Hester College is one of the eight residential colleges of Murray State University. The college was established in the fall of 1996 when Murray State became the first public university in the United States to establish a campus-wide residential college system.
 
Hester College is named after Cleo G Hester who served as the university's registrar 1927–1960.

Hester Hall
Hester Hall is the home of Hester College.  

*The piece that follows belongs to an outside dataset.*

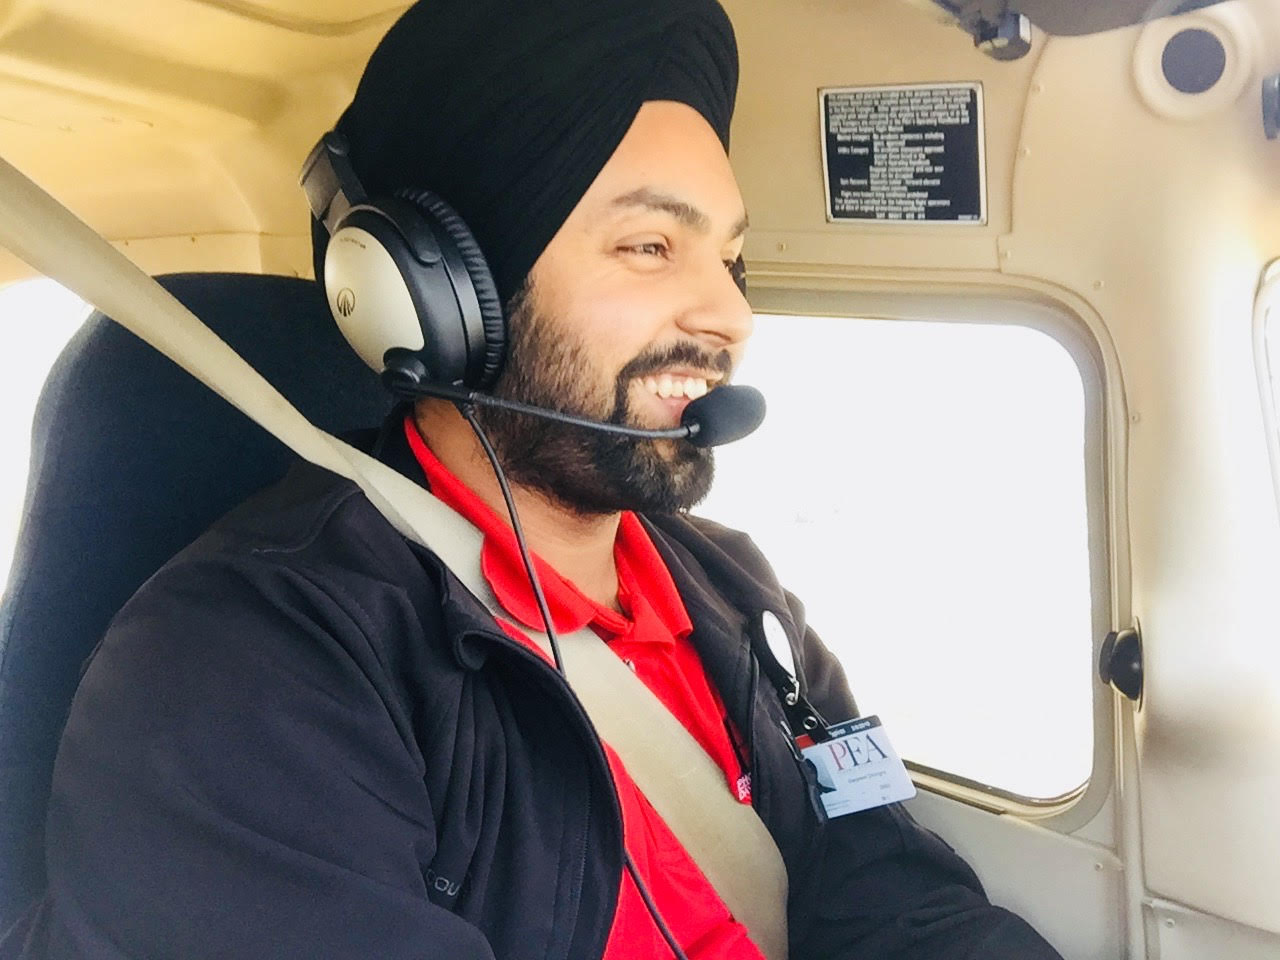 Dhingra side profile shot of him smiling with red polo and headset on, while flying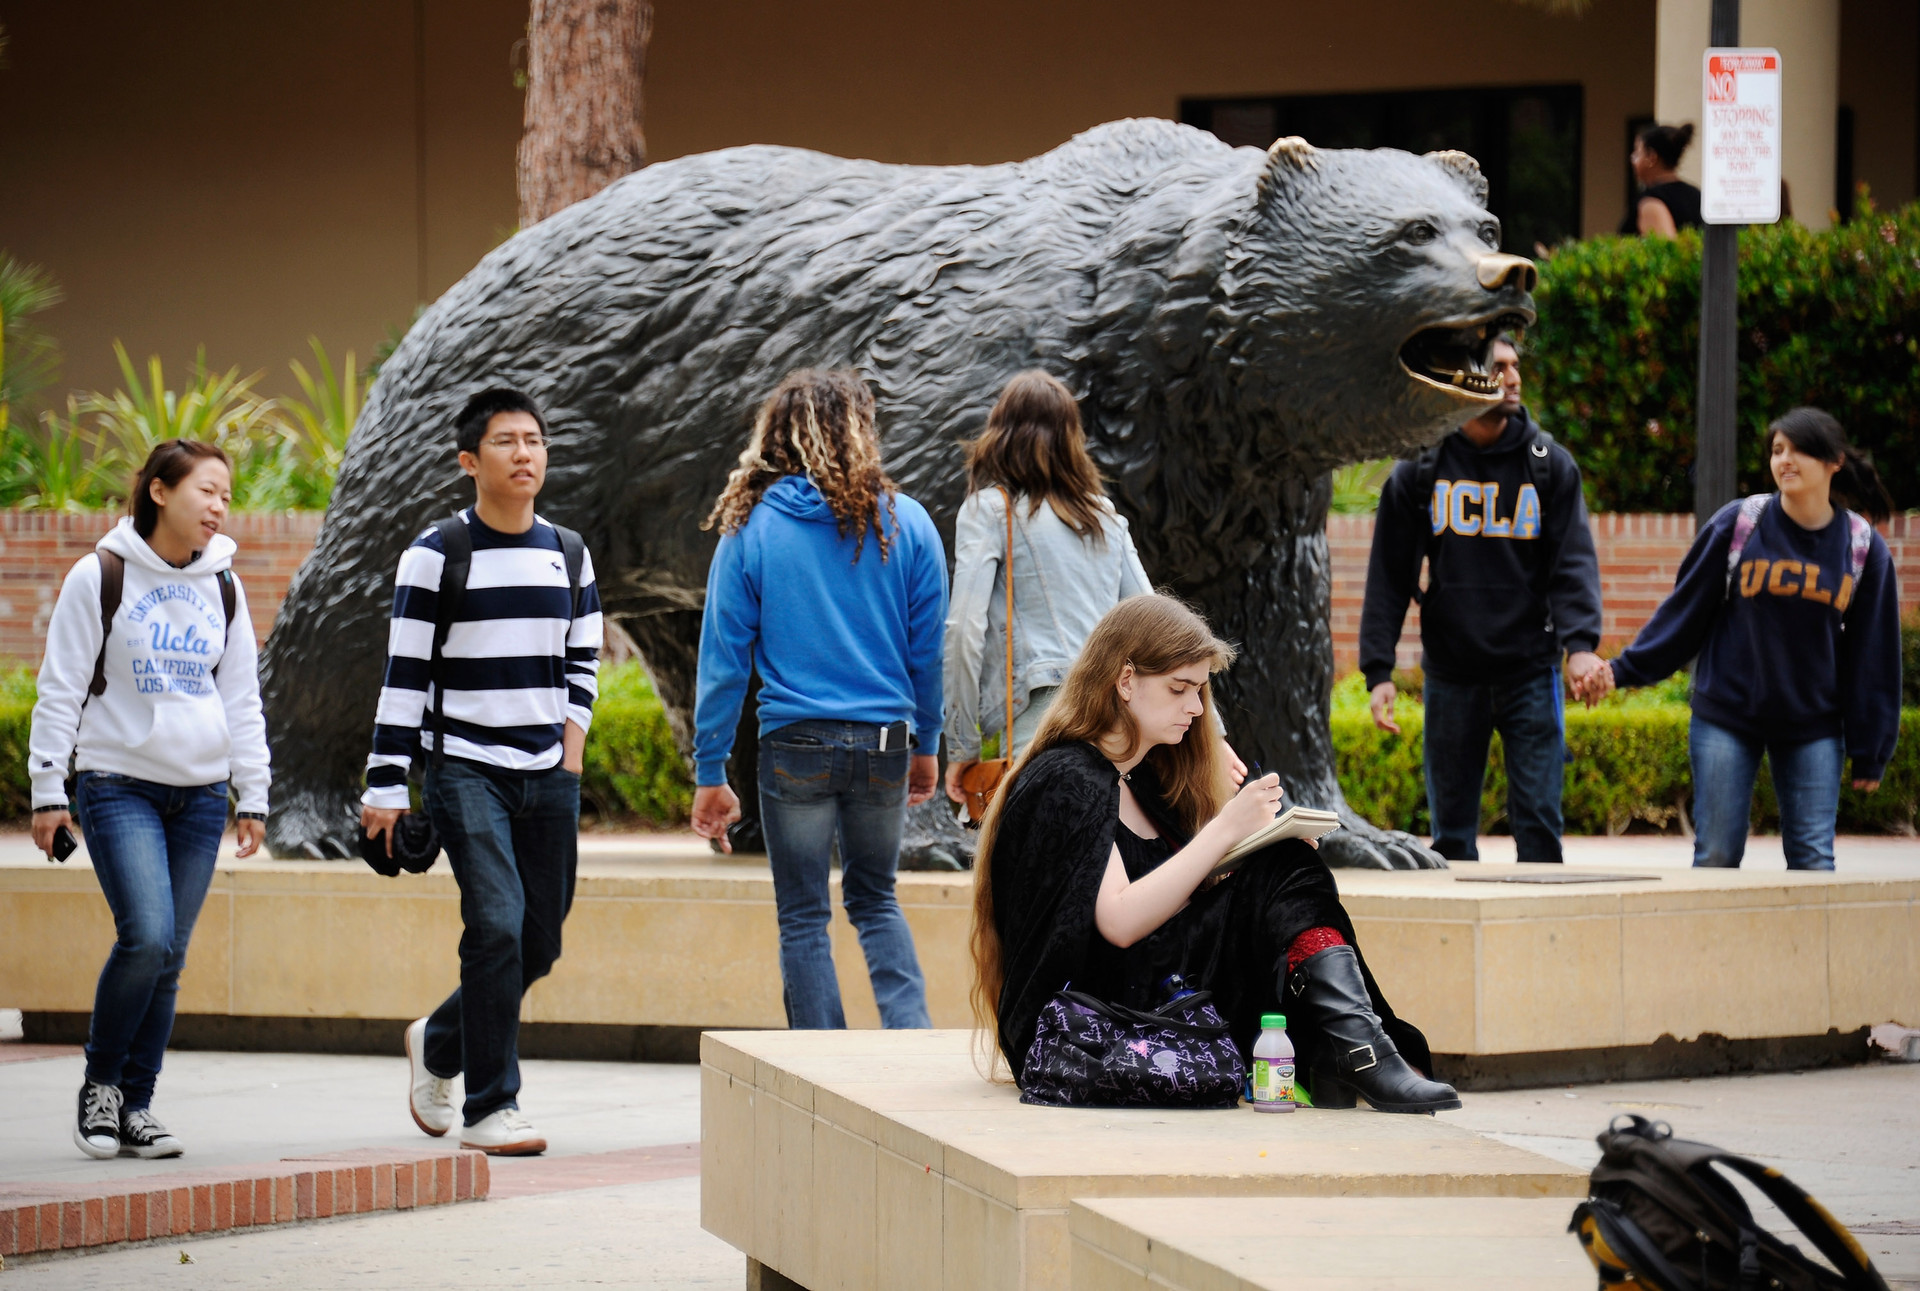 A large, bronze statue of a bear showing its teeth is displayed outdoors on an university campus. Six students in UCLA hooded sweatshirts and jeans walk around the statue on their way to class. One young woman sits on a tan, chunky bench writing on a notepad.

Hester Hall is an eight-story building with up to 24 double occupancy rooms on each floor. Each floor also has two community style bathrooms and at least one study lounge. The first floor consists of a main lobby, recreational back lobby, and a community kitchen. There are approximately 1,300 students assigned to Hester with about 300 students living within Hester Hall.

Floors
 Second Floor: "Hot Boys" Male 
 Third Floor: "The Gents" Male
 Fourth Floor: "Soldiers" Male
 Fifth Floor: "Foxes" Female
 Sixth Floor: "Suga Mamas" Female
 Seventh Floor: "Sweet Hearts" Female
 Eight Floor: "Golden Girls" Female

Traditions

Intramural sports
Hester fields several competitive intramural sports teams including softball, flag football, volleyball, basketball, water polo, ultimate frisbee, dodgeball, golf, and soccer. Hester has won the All Sports Cup for Residential Colleges 6 times (2000, 2002, 2003, 2004, 2005, and 2012)

Hedgehog Dinners
Once each month, students, faculty, and staff members of Hester College gather in Winslow Dining Hall. They eat dinner together as a group as a way to build community and enhance the family atmosphere of the college.

Staff

Residence Directors
Residence Directors perform a wide range of functions in providing leadership for the Residential College . Their main role is overseeing the housing operations of the college.
 Erin Chambers (January 2009 - May 2010)
 Josh Jones (August 2010 - May 2012)
 Evie Swanson (August 2012 - May 2014)
 Katie Coats (August 2014 – May 2016)
 Javonte Thompson (August 2016 – May 2018)
 Amelia Comper (August 2018 - May 2020)
 Jayden Willis (August 2020 - May 2022)
 Garrik Quertermous (August 2022 - Present)

College Heads
College Heads are tenured professors who spend half of their time in the Residential College and half teaching in their Academic Department. They each have an office in their Residential College and they are available to assist students. College Heads work with the Residence Directors, RAs and Residential College Council to provide overall leadership and direction for the Residential Colleges. 
 Dr. Ron Cella (Fall 1996 - Spring 2004)
 Dr. Gina Clawell (Fall 2004 - Spring 2006)
 Dr. Eric Umstead (Fall 2006 - Spring 2009)
 Mr. Kenny Fister (Fall 2009–Present)

Resident Advisors
Resident Advisors (RAs) live with the residents on each floor. They are student staff members selected on the basis of their skills, interests, and activities that enable them to assist and advise students in obtaining the most from their experience at Murray State University . Each Resident Advisor is trained in student referrals with academic and personal concerns. This is the most important staff member for your son or daughter to get to know.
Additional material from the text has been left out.